* **BRIEF**
Each line of the data below from the one holding "La estrella de" to the one holding "Türkiye Cumhurbaşkanı Recep", inclusive, is to be reproduced exactly; no other line belongs in the answer.

* **SUPPLIED ENTRIES**
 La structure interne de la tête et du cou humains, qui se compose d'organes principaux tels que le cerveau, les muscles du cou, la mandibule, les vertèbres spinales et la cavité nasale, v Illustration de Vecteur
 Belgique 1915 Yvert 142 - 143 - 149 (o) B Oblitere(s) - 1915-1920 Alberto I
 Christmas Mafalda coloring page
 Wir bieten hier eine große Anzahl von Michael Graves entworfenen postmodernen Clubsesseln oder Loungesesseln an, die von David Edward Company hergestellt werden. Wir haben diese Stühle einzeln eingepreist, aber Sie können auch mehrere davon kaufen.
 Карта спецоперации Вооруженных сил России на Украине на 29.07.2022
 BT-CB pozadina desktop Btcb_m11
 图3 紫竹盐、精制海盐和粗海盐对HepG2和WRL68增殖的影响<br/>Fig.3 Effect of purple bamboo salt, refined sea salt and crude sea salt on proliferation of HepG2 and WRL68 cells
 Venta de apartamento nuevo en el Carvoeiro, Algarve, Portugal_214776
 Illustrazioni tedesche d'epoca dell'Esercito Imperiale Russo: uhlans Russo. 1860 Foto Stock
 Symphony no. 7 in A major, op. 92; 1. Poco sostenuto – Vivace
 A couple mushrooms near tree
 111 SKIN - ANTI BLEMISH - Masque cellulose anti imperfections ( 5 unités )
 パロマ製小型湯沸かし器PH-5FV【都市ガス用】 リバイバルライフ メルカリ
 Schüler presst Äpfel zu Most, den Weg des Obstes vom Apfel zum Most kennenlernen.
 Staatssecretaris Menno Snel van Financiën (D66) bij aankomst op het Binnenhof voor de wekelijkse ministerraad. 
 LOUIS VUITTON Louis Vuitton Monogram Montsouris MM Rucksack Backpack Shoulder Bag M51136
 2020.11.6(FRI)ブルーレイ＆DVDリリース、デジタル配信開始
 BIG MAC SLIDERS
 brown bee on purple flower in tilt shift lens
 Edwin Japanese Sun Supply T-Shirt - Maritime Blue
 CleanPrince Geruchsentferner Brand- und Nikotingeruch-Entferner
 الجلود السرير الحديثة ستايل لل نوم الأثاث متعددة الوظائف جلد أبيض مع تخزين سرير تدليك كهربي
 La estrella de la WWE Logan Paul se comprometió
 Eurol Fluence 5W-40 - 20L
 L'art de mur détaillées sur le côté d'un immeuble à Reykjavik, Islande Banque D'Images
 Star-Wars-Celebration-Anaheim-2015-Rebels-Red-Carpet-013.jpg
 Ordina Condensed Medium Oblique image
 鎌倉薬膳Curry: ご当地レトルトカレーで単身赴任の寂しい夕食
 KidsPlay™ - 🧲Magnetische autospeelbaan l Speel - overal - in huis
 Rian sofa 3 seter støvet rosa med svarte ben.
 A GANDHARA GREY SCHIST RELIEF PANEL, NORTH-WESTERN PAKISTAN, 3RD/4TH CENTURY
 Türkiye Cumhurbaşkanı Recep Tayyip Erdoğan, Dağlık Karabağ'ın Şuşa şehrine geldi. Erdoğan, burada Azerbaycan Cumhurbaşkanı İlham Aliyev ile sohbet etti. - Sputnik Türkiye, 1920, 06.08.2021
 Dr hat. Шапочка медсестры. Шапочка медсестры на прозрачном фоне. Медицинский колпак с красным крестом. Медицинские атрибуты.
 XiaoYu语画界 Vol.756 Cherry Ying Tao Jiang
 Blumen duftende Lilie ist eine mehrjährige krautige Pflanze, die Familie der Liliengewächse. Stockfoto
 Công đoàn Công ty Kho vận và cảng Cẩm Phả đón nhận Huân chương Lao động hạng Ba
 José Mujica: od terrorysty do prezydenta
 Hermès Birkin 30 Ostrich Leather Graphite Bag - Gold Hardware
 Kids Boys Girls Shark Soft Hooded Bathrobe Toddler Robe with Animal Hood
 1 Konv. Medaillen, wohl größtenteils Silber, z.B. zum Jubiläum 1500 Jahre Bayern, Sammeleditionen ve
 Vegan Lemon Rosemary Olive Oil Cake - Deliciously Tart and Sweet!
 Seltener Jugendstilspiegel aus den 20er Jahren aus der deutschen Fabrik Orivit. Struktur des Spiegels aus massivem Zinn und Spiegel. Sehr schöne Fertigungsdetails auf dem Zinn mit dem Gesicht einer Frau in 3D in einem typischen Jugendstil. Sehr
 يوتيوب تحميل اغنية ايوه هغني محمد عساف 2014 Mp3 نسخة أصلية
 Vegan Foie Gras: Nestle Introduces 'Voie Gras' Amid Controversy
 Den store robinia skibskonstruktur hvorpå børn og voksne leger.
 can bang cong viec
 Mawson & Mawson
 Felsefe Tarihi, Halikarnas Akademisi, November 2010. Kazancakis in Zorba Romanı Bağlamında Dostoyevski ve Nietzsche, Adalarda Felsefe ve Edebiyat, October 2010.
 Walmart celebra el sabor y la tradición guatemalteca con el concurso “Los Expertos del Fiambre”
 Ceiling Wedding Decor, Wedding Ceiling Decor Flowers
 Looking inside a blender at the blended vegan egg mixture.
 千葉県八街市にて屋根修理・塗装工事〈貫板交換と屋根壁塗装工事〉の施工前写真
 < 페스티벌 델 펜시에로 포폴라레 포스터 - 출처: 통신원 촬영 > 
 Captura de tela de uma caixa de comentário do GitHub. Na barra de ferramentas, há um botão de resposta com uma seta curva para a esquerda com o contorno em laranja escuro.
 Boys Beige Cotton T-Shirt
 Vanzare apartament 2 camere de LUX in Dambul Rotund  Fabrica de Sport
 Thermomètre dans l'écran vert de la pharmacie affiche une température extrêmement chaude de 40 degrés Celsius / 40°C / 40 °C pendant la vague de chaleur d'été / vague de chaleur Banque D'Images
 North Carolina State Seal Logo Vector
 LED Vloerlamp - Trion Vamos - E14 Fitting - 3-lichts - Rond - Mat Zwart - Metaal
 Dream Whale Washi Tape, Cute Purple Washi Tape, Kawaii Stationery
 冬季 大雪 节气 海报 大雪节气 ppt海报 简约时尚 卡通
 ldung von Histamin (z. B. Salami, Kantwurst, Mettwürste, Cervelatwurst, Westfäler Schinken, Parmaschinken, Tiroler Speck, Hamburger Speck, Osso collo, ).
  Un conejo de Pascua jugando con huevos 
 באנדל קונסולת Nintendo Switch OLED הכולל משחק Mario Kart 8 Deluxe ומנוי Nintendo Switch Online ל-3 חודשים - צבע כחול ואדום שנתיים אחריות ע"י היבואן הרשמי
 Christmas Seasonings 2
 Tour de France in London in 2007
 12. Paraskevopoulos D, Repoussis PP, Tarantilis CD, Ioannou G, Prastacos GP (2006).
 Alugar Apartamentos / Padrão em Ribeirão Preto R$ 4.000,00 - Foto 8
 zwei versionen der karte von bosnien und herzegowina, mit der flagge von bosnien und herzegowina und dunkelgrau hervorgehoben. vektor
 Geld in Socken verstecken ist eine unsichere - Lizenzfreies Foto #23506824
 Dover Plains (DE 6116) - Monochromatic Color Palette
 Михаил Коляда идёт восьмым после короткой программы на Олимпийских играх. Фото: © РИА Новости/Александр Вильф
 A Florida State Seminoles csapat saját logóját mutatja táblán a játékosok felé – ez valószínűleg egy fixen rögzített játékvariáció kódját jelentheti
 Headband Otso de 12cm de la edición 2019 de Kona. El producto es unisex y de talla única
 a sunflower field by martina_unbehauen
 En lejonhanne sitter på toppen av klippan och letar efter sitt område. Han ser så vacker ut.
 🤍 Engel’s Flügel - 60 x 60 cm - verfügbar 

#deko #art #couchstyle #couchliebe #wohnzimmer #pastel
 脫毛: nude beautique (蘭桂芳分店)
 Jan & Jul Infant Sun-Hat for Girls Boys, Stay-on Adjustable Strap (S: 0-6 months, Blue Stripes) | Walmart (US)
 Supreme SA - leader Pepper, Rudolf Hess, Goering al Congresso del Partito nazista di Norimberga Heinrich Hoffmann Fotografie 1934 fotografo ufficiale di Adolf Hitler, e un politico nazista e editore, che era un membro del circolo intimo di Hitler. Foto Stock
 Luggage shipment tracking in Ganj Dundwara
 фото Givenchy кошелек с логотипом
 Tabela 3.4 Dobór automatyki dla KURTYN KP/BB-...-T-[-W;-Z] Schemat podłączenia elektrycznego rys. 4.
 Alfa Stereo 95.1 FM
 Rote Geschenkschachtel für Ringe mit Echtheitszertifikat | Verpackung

* **YOUR RESPONSE**
 La estrella de la WWE Logan Paul se comprometió
 Eurol Fluence 5W-40 - 20L
 L'art de mur détaillées sur le côté d'un immeuble à Reykjavik, Islande Banque D'Images
 Star-Wars-Celebration-Anaheim-2015-Rebels-Red-Carpet-013.jpg
 Ordina Condensed Medium Oblique image
 鎌倉薬膳Curry: ご当地レトルトカレーで単身赴任の寂しい夕食
 KidsPlay™ - 🧲Magnetische autospeelbaan l Speel - overal - in huis
 Rian sofa 3 seter støvet rosa med svarte ben.
 A GANDHARA GREY SCHIST RELIEF PANEL, NORTH-WESTERN PAKISTAN, 3RD/4TH CENTURY
 Türkiye Cumhurbaşkanı Recep Tayyip Erdoğan, Dağlık Karabağ'ın Şuşa şehrine geldi. Erdoğan, burada Azerbaycan Cumhurbaşkanı İlham Aliyev ile sohbet etti. - Sputnik Türkiye, 1920, 06.08.2021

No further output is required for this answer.